WHAT YOU WILL DO:
Write the listing out again word for word, leaving each picture behind.

DATA SEGMENT:

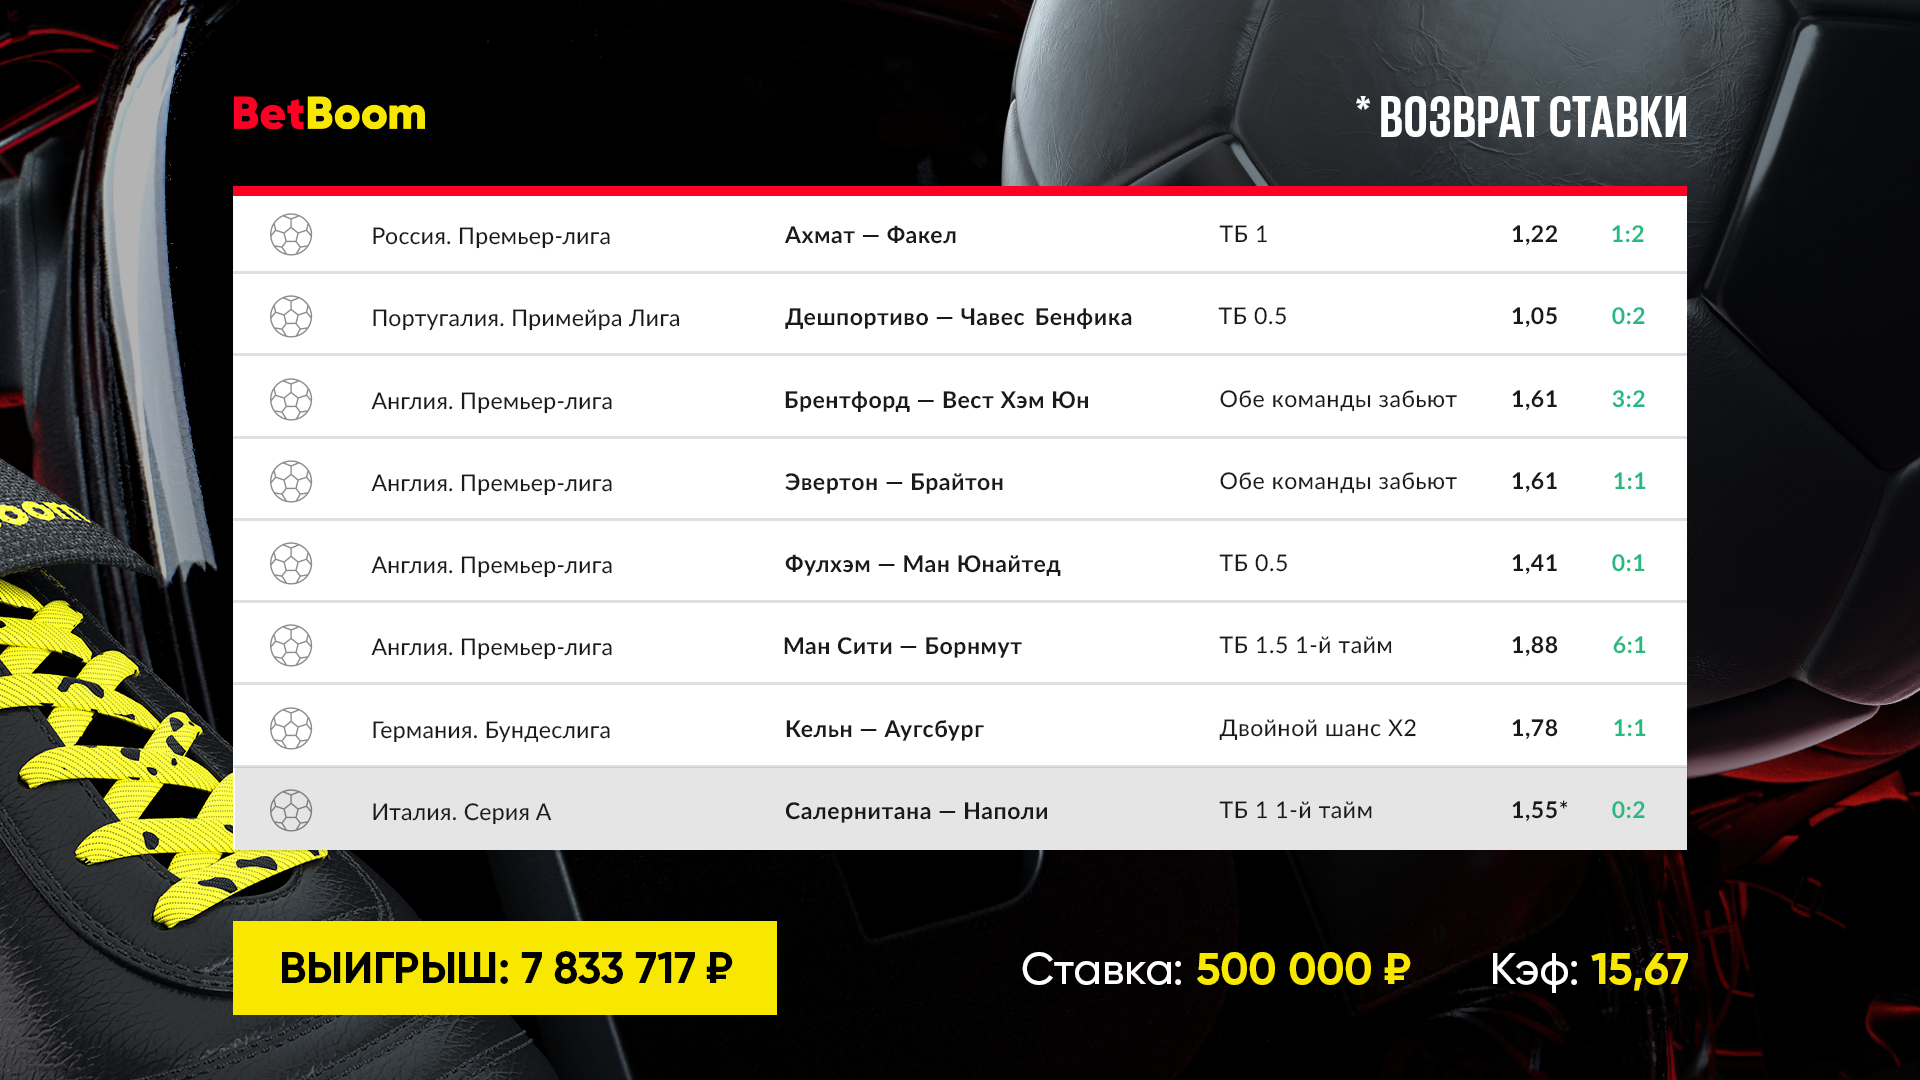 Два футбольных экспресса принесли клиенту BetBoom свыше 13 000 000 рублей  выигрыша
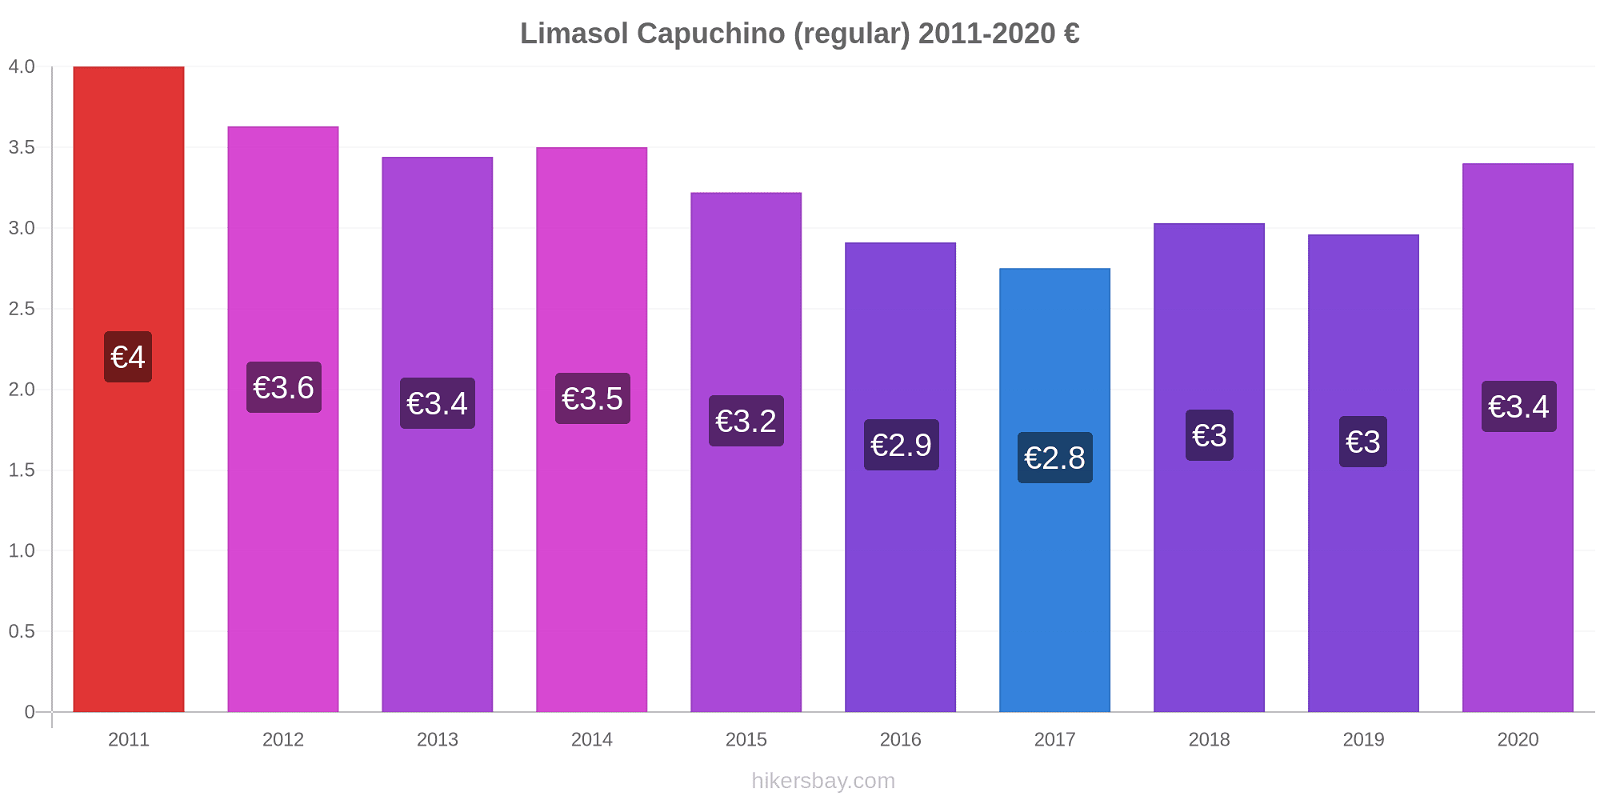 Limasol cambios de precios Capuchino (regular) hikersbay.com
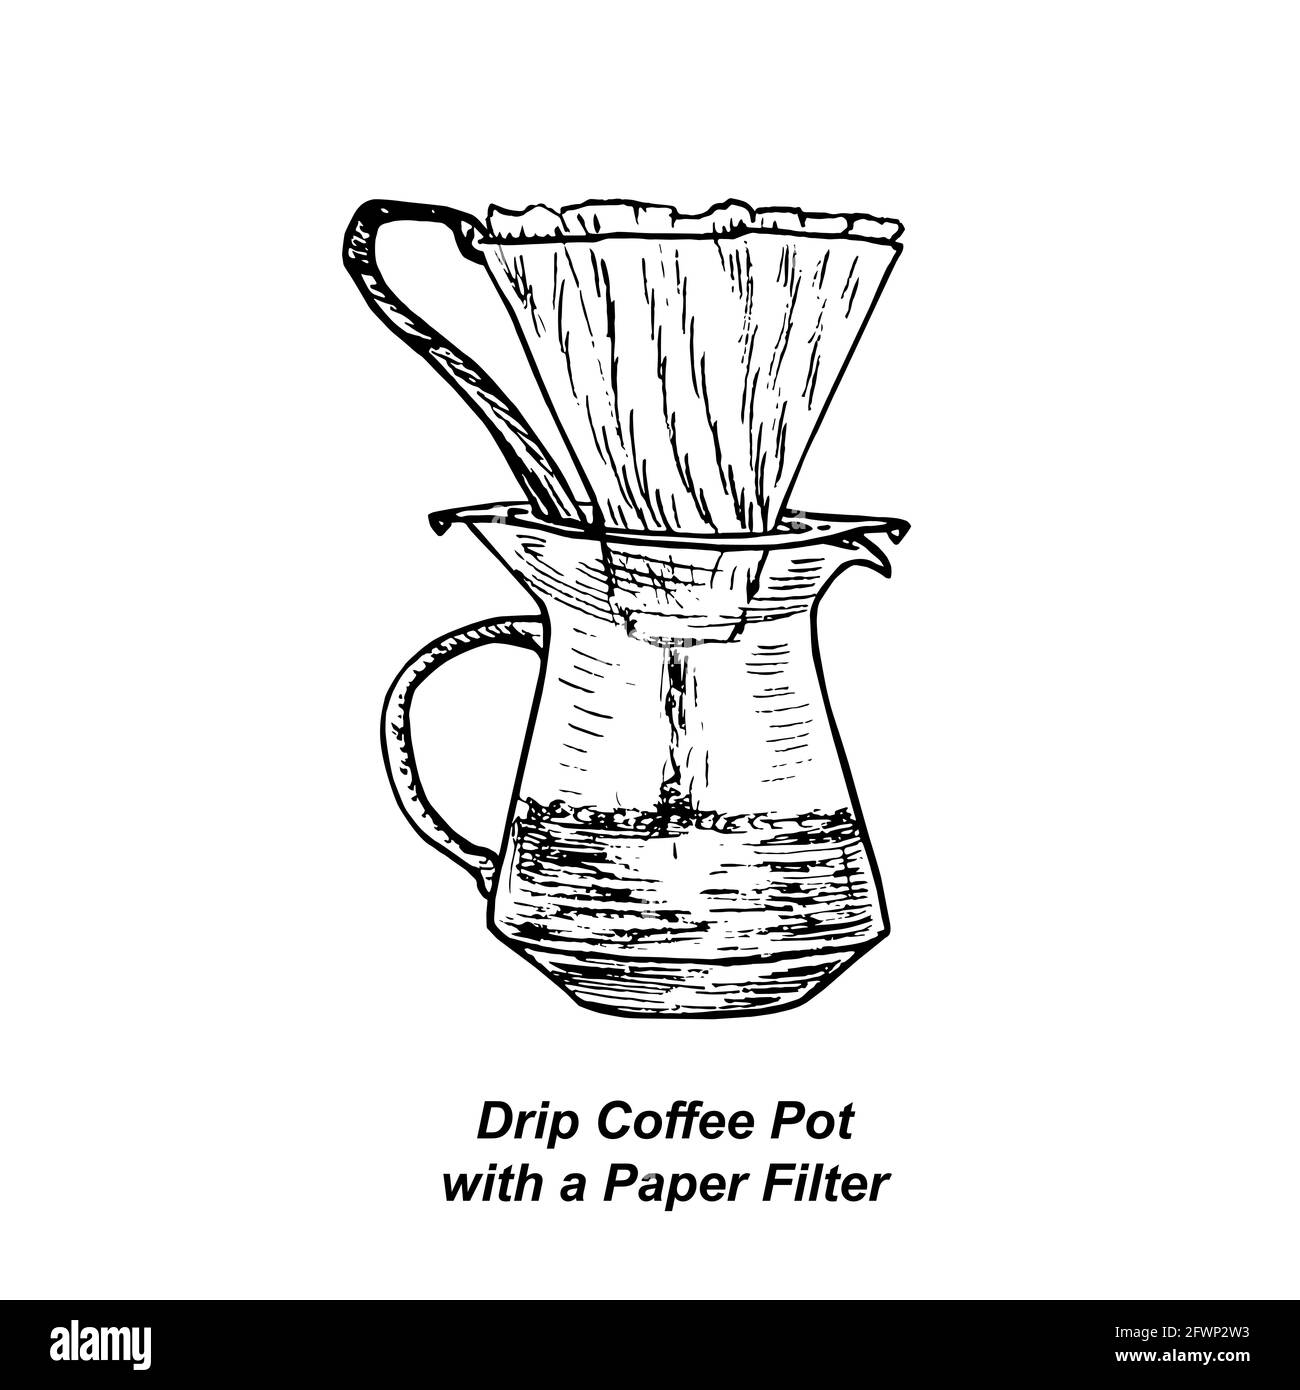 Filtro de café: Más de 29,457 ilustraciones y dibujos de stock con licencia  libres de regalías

ANSWER TO THE PROBLEM:
 Два футбольных экспресса принесли клиенту BetBoom свыше 13 000 000 рублей  выигрыша
 Limasol cambios de precios Capuchino (regular) hikersbay.com
 Filtro de café: Más de 29,457 ilustraciones y dibujos de stock con licencia  libres de regalías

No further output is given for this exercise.